WHAT IS BEING ASKED — Repeat the listing exactly. Pictures stay out of your copy.
== SOURCE MATERIAL ==
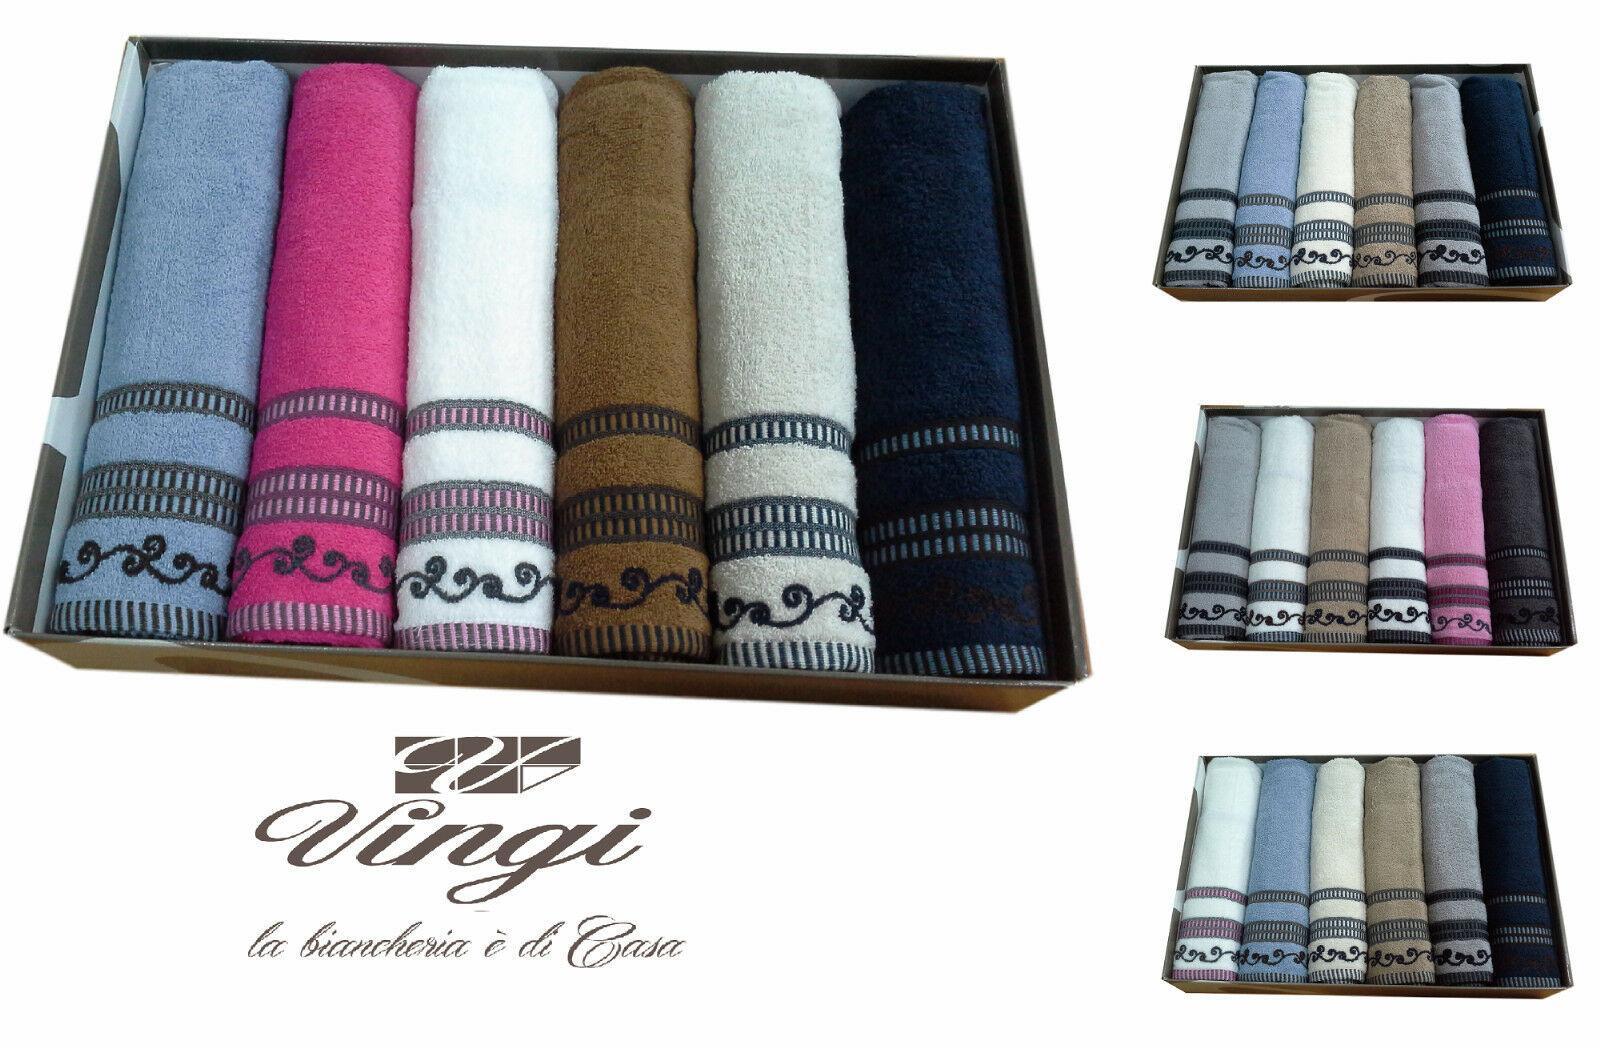 Set 12 asciugamani spugna. VINGI RICAMI, MARINA. 6 Viso + 6 ospite. 100% Cotone.
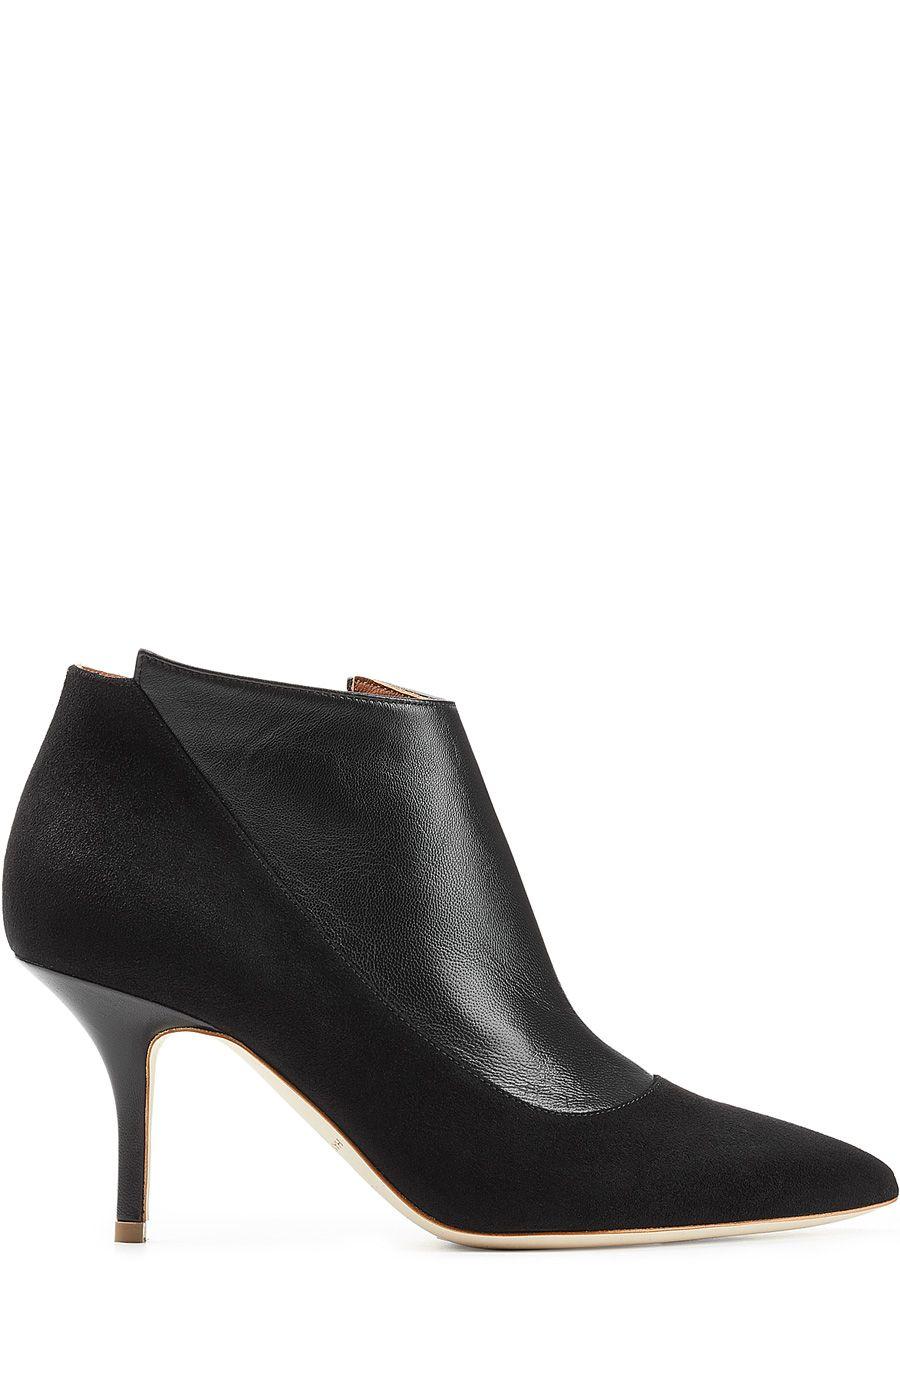 stiletto ankle boots - White Malone Souliers Visa Payment Sale Online oC80qaOLi
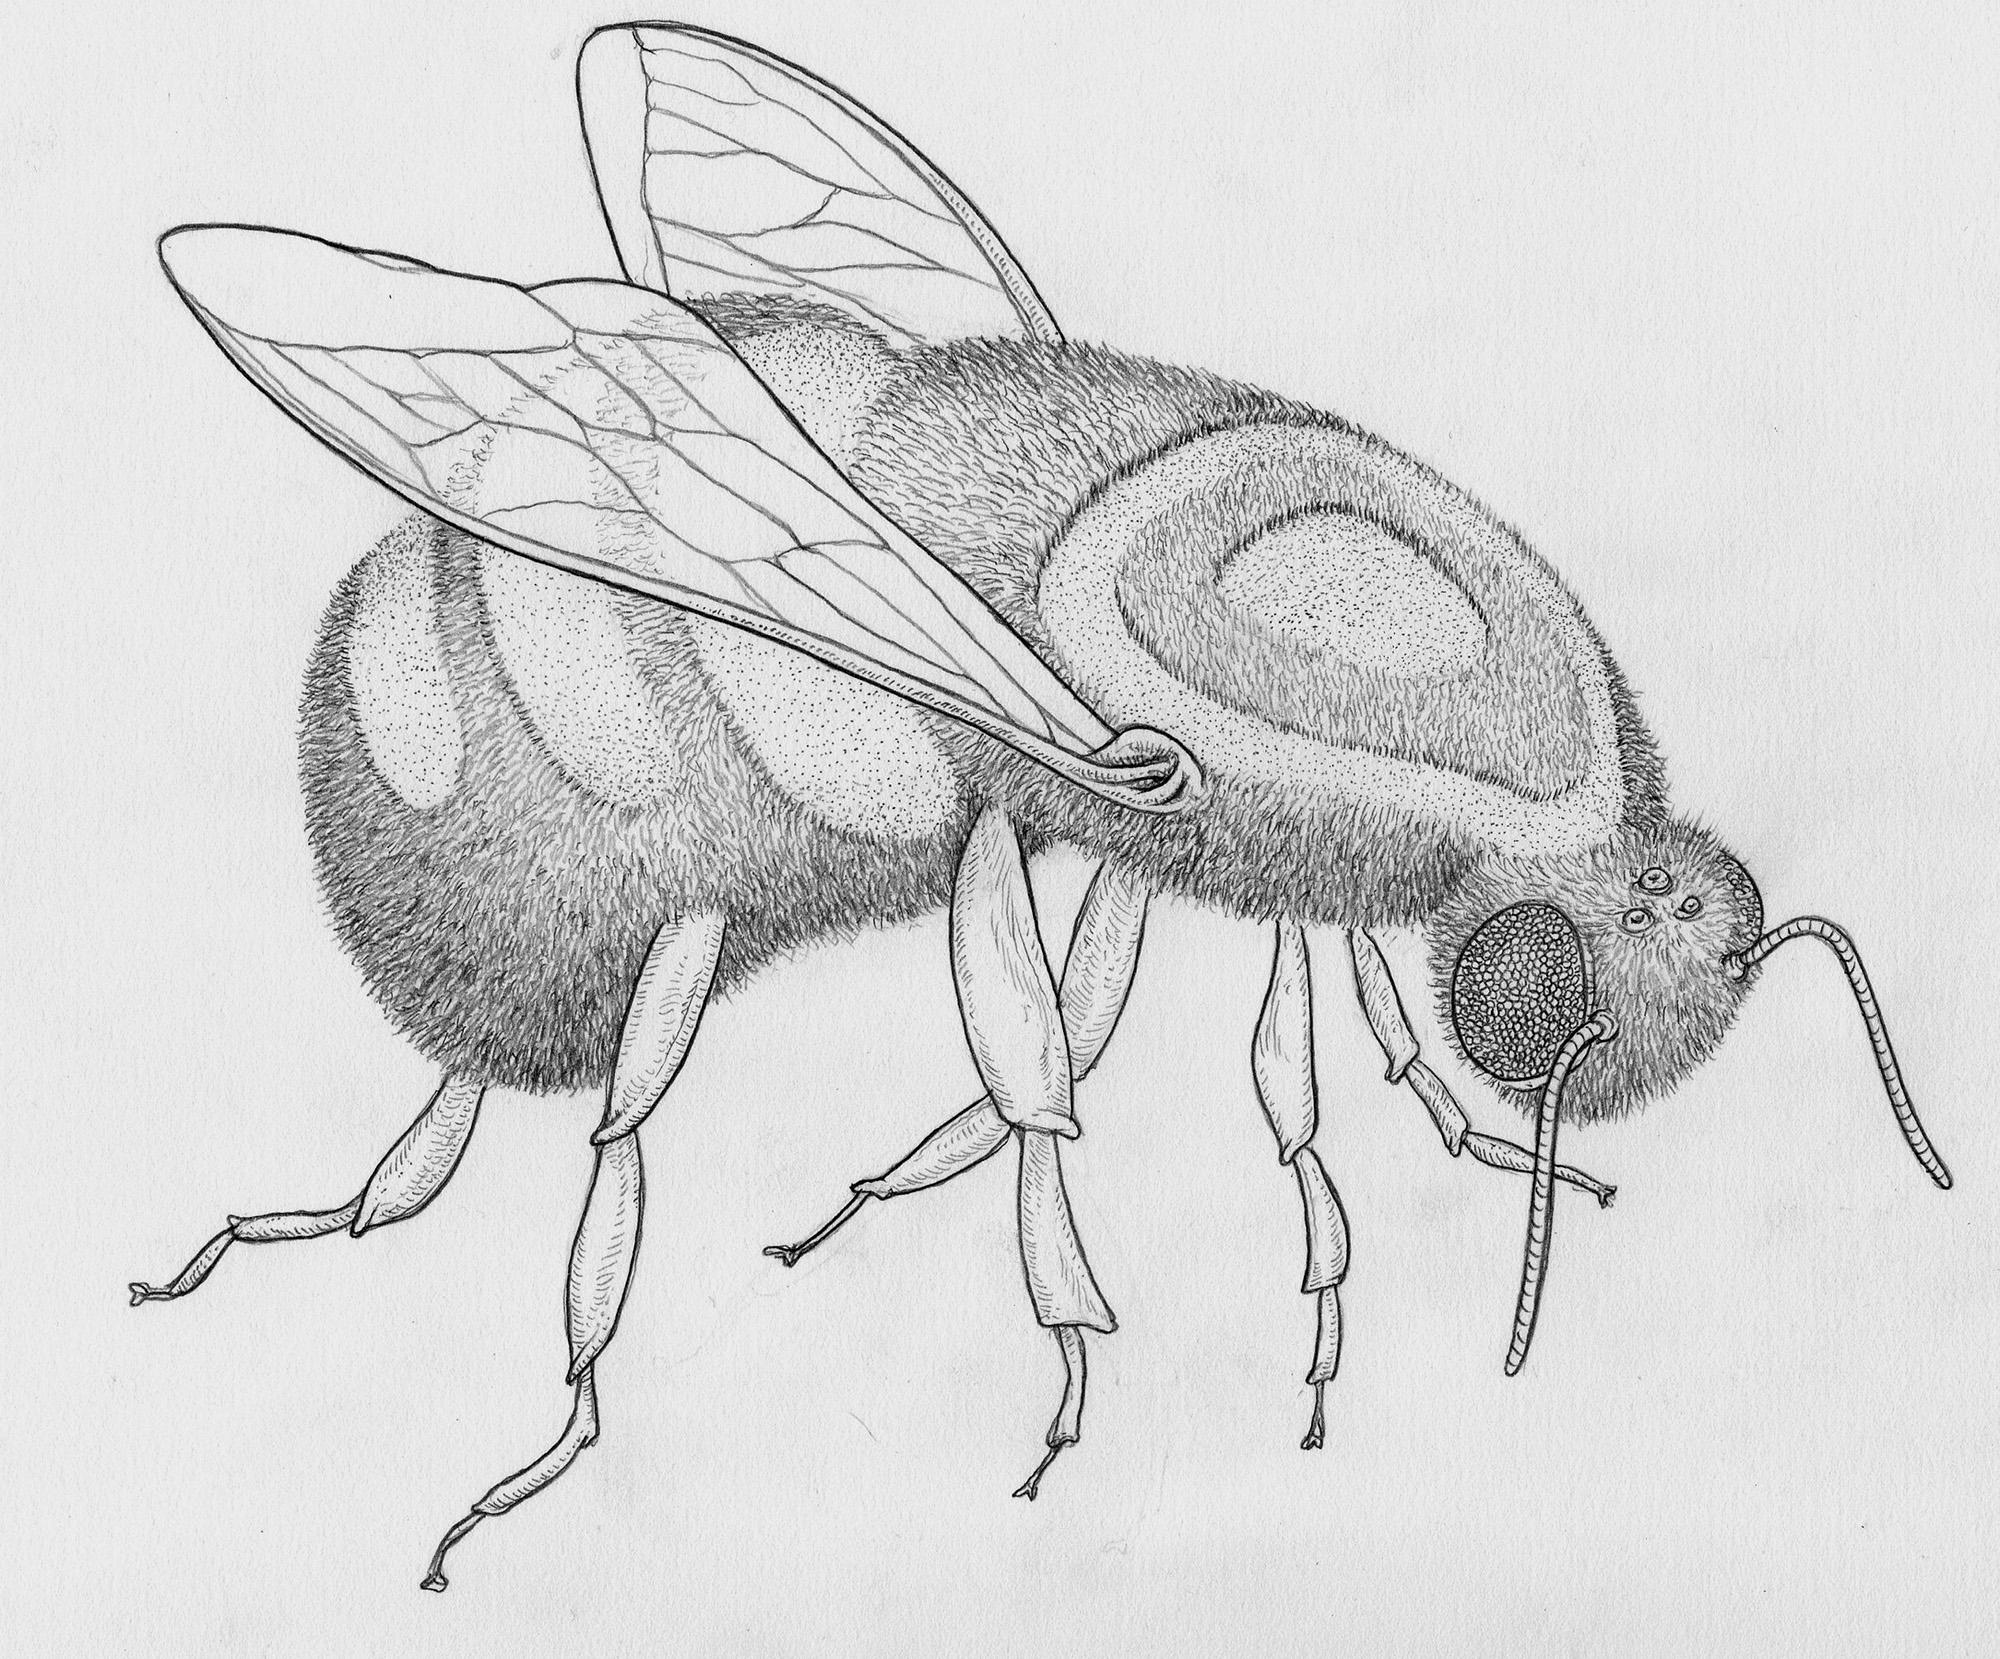 shaved-bee-1-graphite-web.jpg
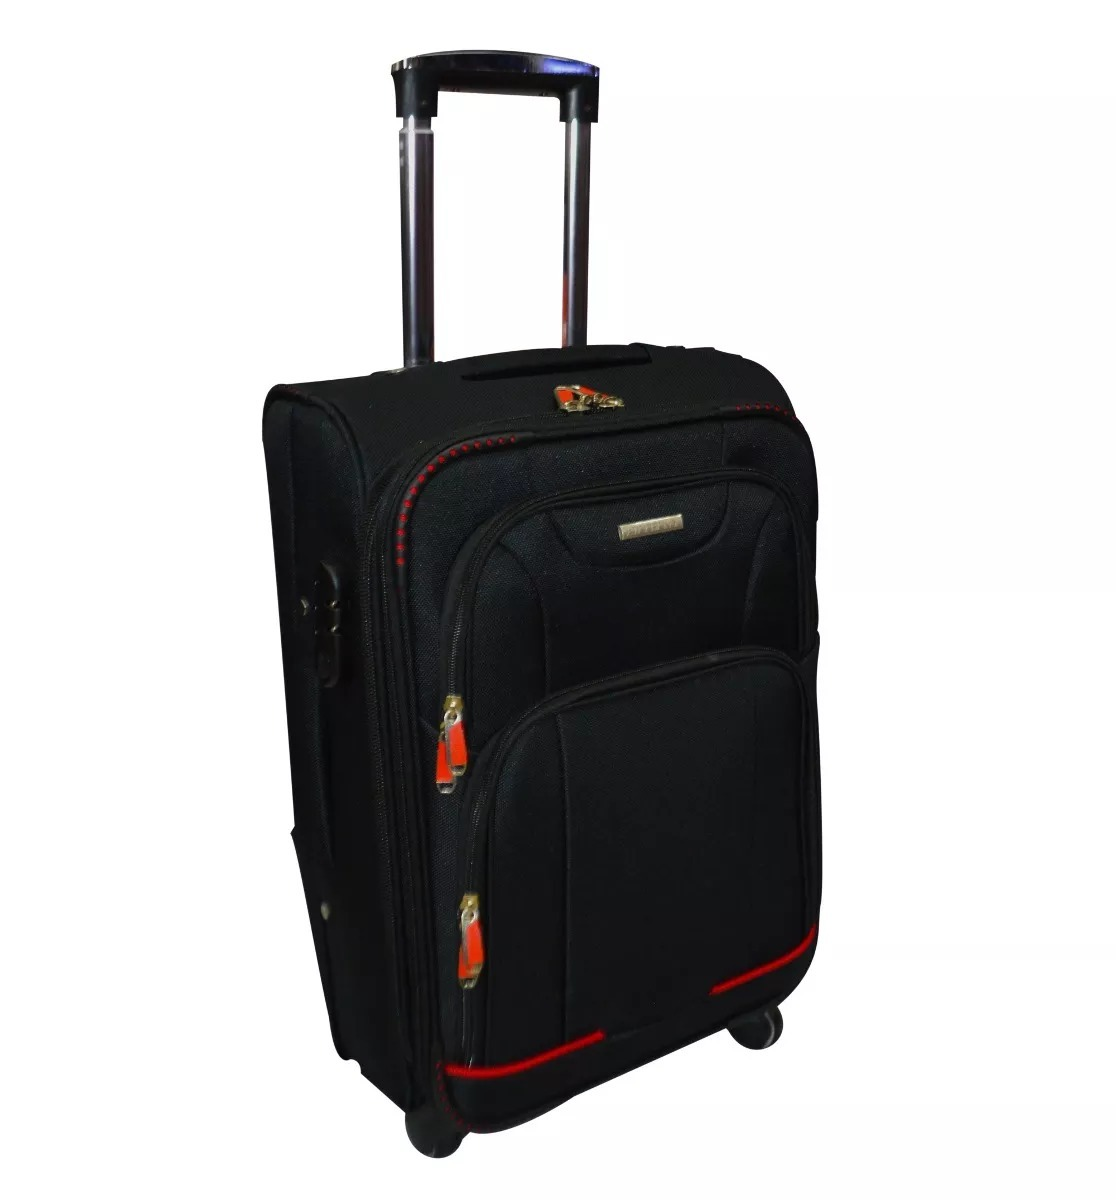 b32d0167805 maleta viaje grande 24 pulgadas ruedas resistente nuevo o. Cargando zoom.
===
TASK OUTPUT —
 Set 12 asciugamani spugna. VINGI RICAMI, MARINA. 6 Viso + 6 ospite. 100% Cotone.
 stiletto ankle boots - White Malone Souliers Visa Payment Sale Online oC80qaOLi
 shaved-bee-1-graphite-web.jpg
 b32d0167805 maleta viaje grande 24 pulgadas ruedas resistente nuevo o. Cargando zoom.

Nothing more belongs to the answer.